┌──

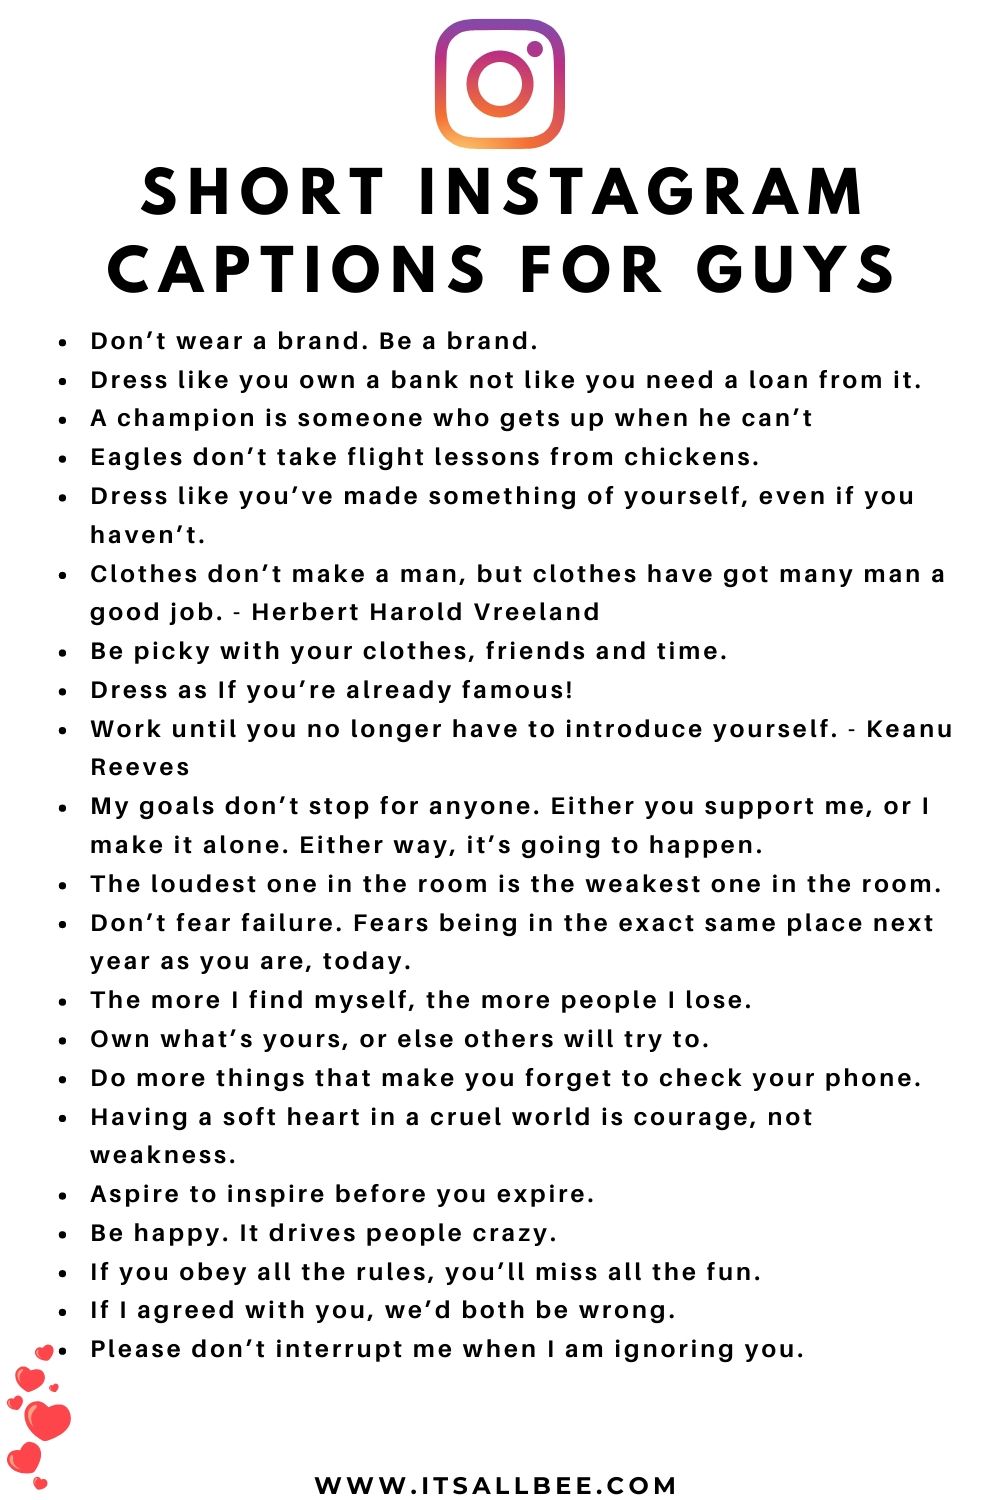 Best Instagram Captions For Guys Itsallbee Travel Blog
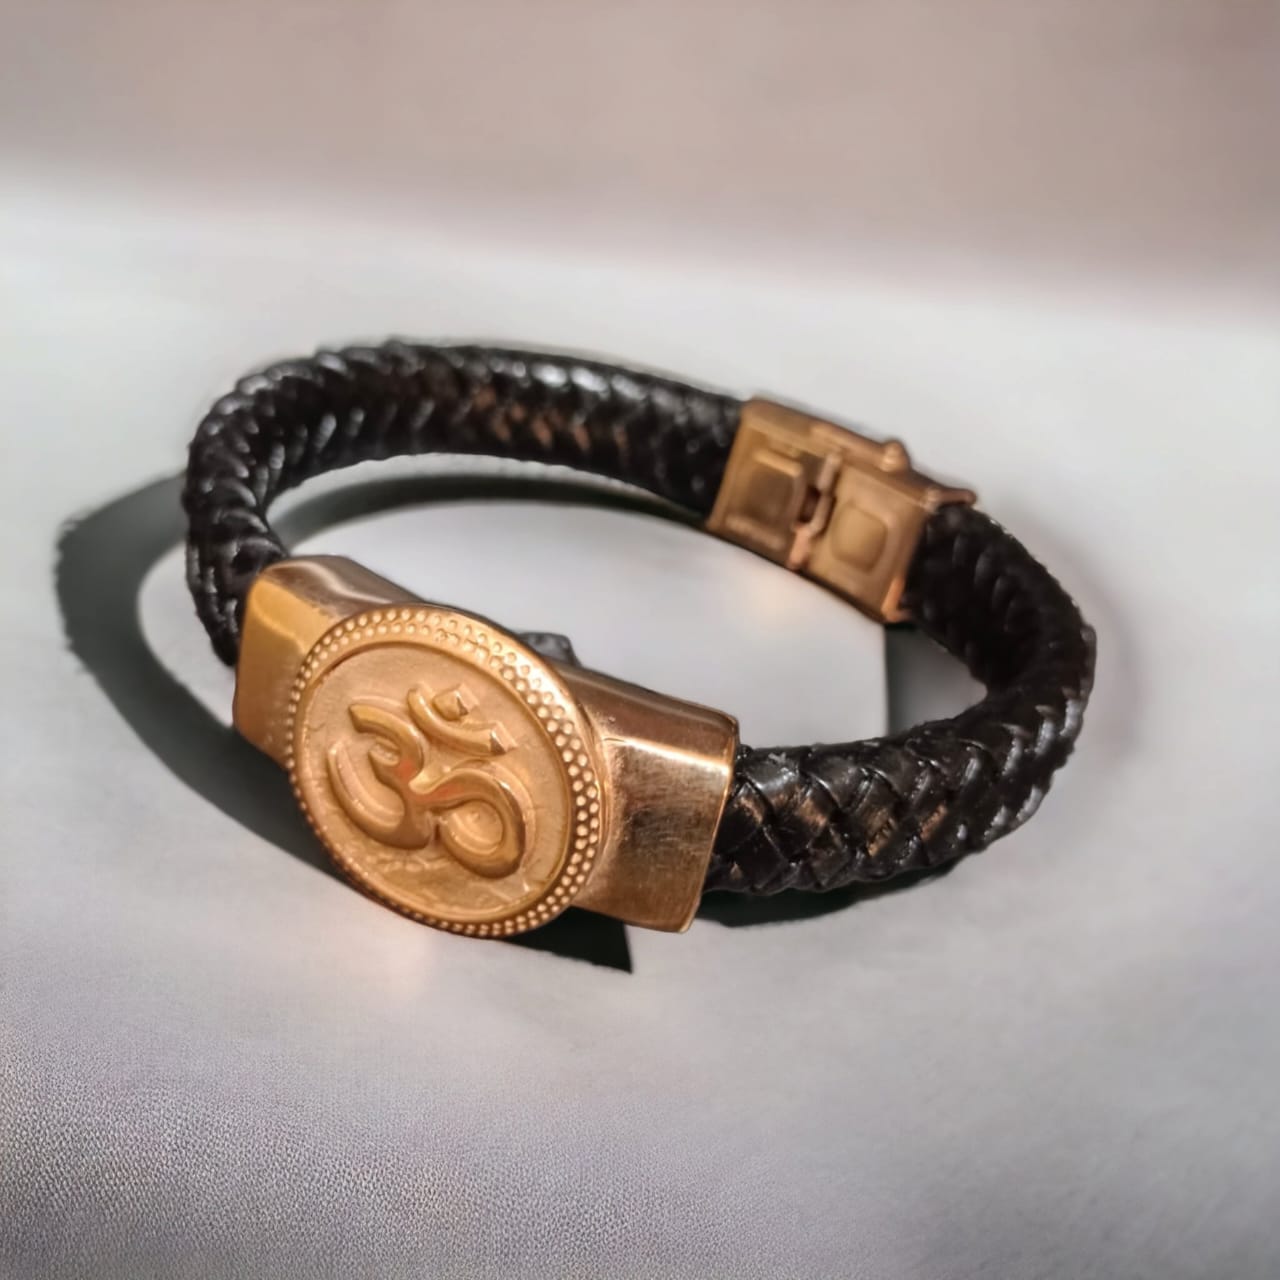 Om devotional bracelet for men
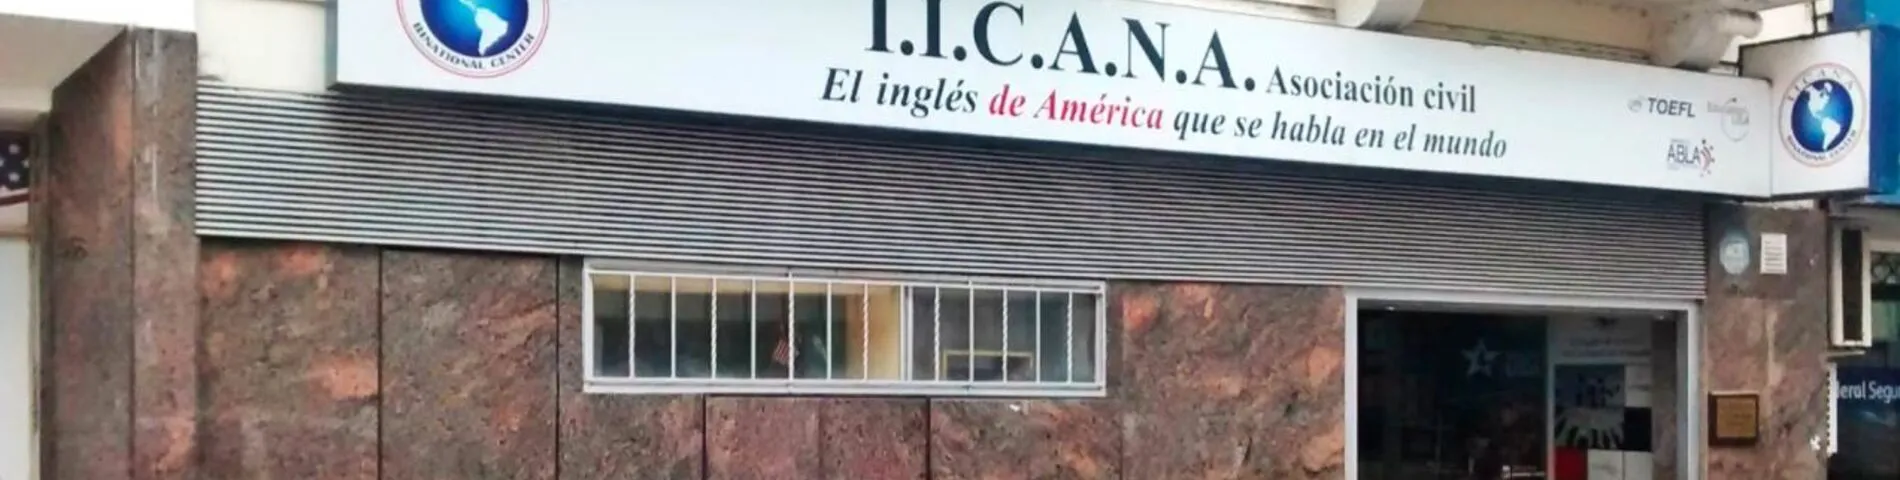 IICANA - Instituto de Intercambio Cultural Argentino Norteamericano图片1
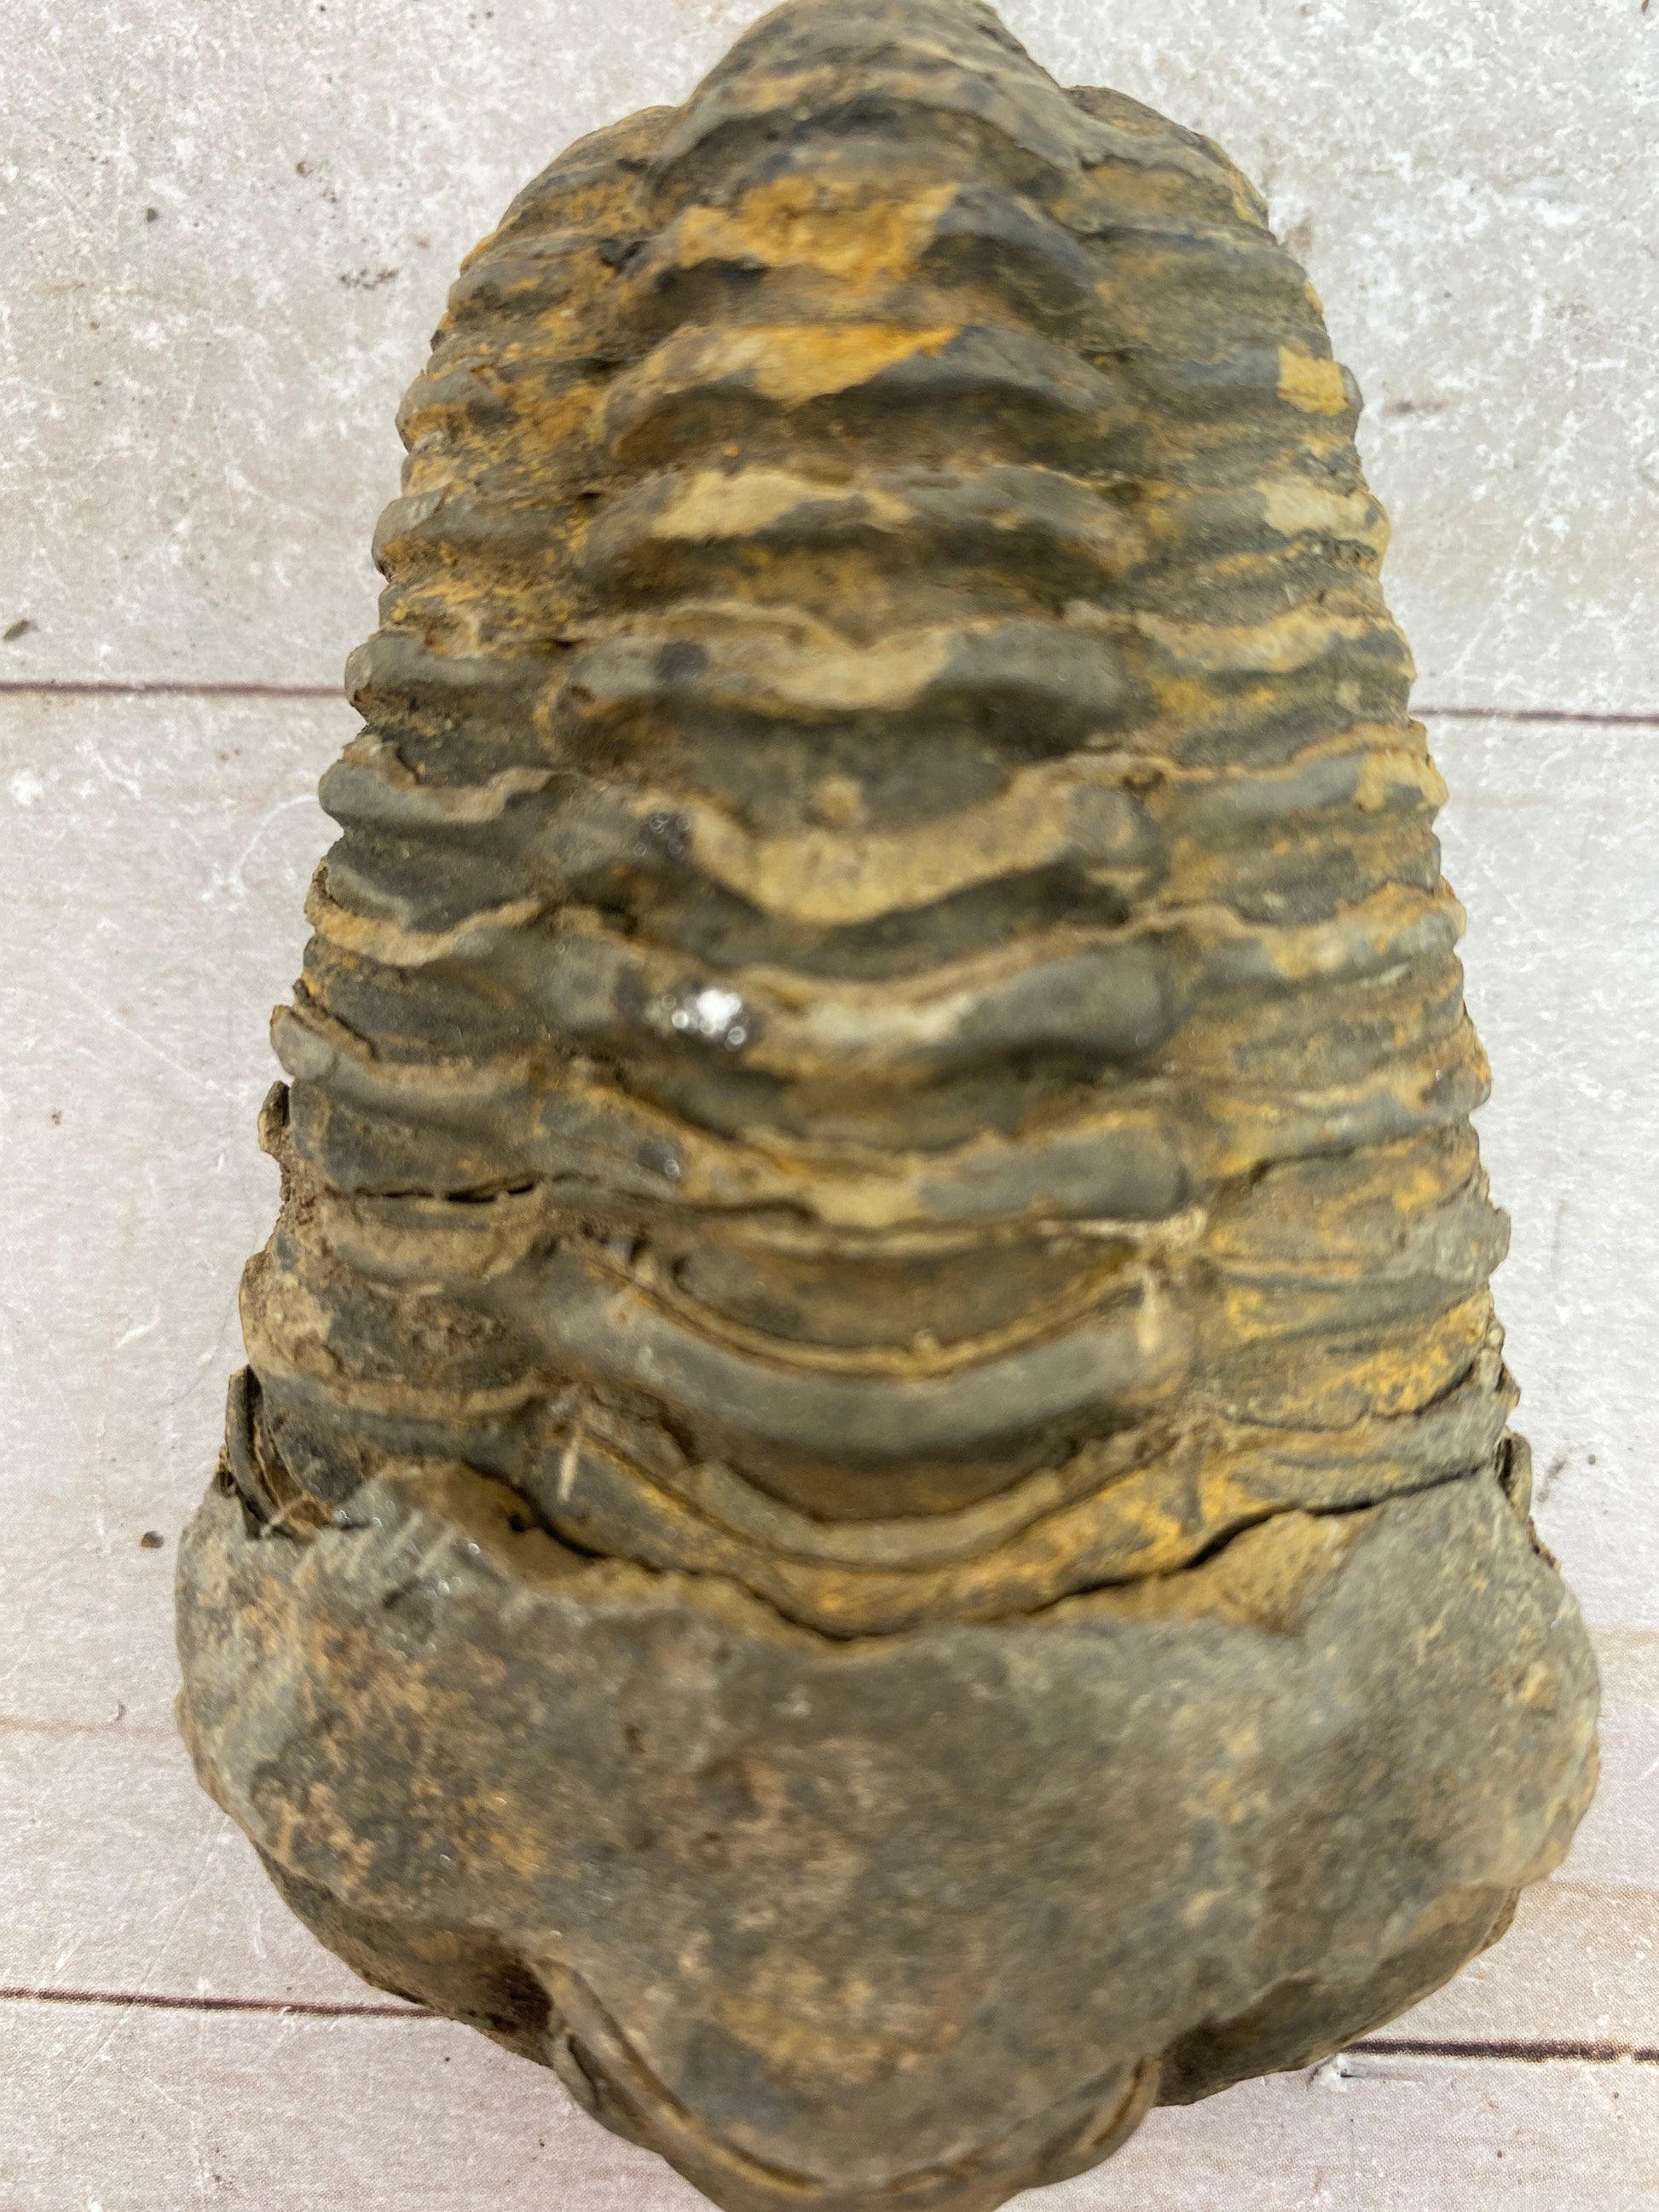 Trilobite fossil, Calymen trilobite
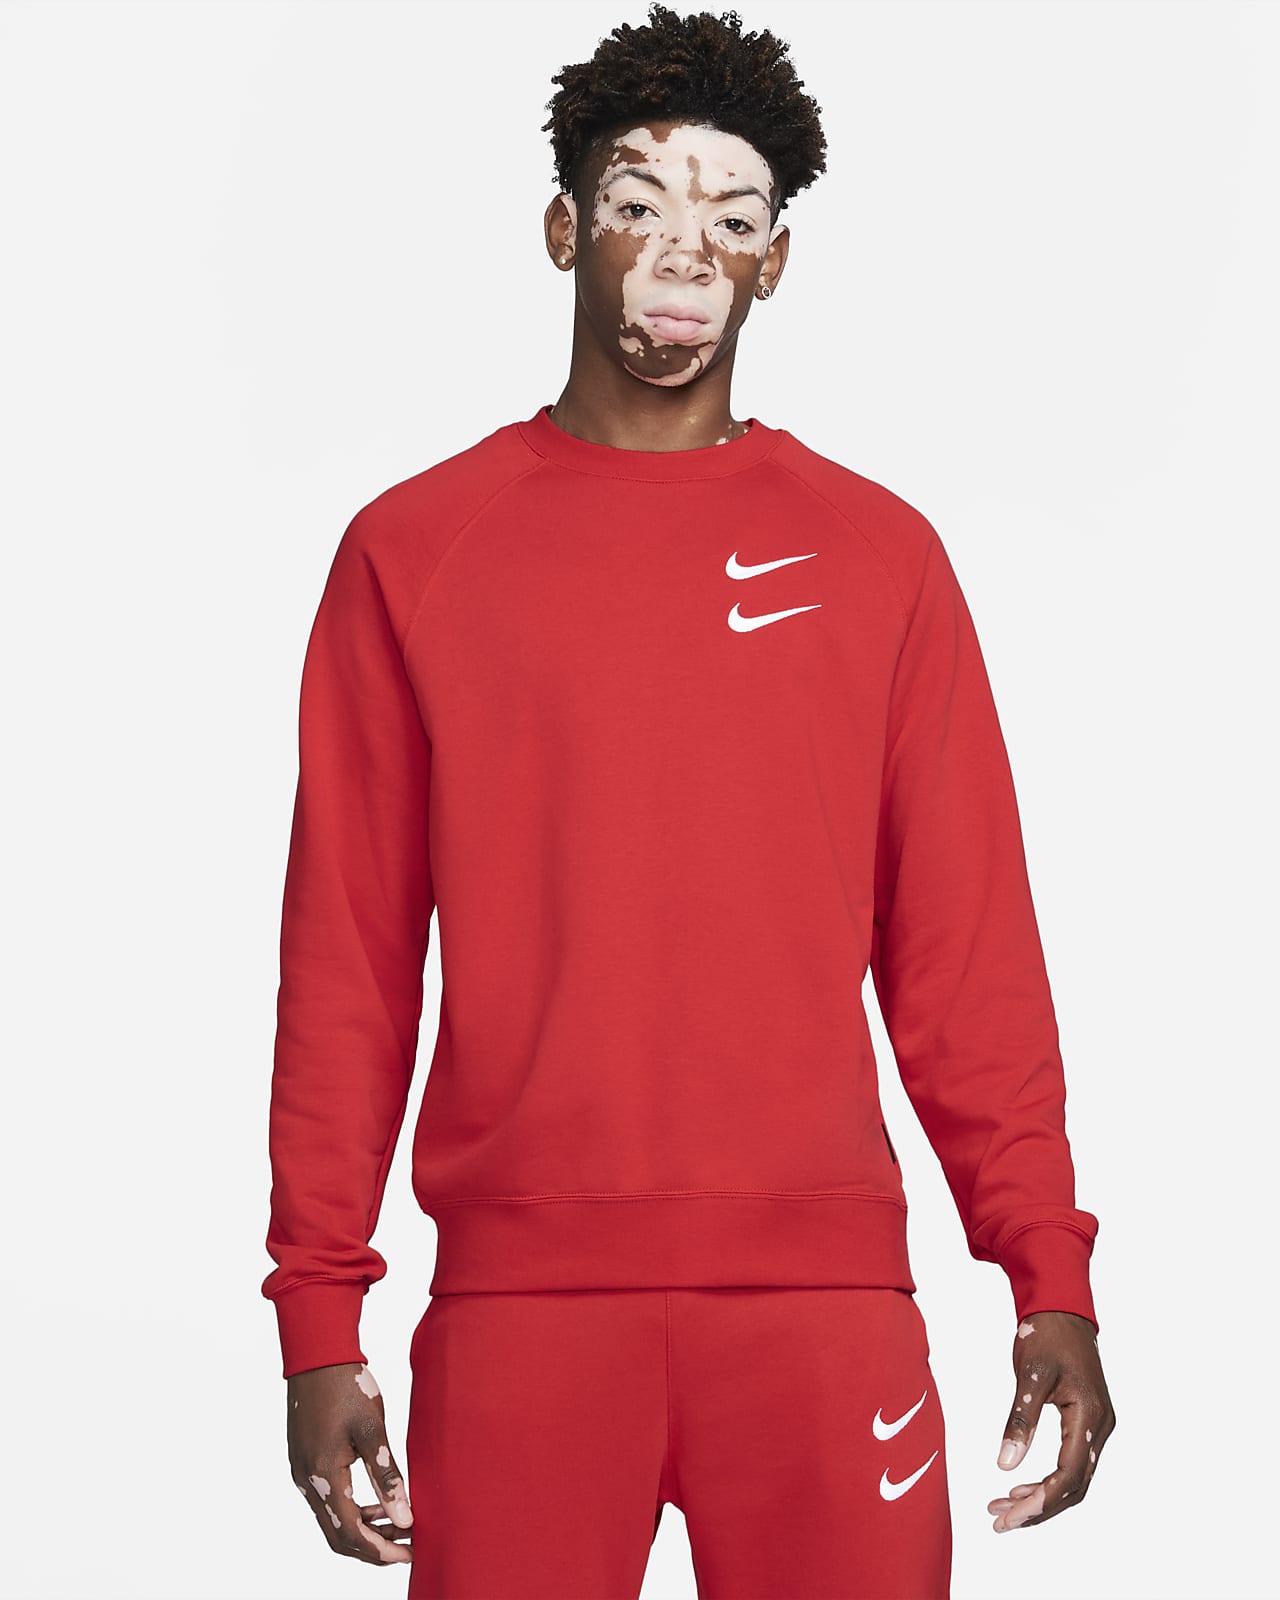 Detail Nike Swoosh Images Nomer 4

└──

* **Task to complete**: Word for word, repeat each line of the records, and leave every image out.

* **Reply**:
 Best Instagram Captions For Guys Itsallbee Travel Blog
 Om devotional bracelet for men
 IICANA - Instituto de Intercambio Cultural Argentino Norteamericano图片1
 Trilobite fossil, Calymen trilobite
 Detail Nike Swoosh Images Nomer 4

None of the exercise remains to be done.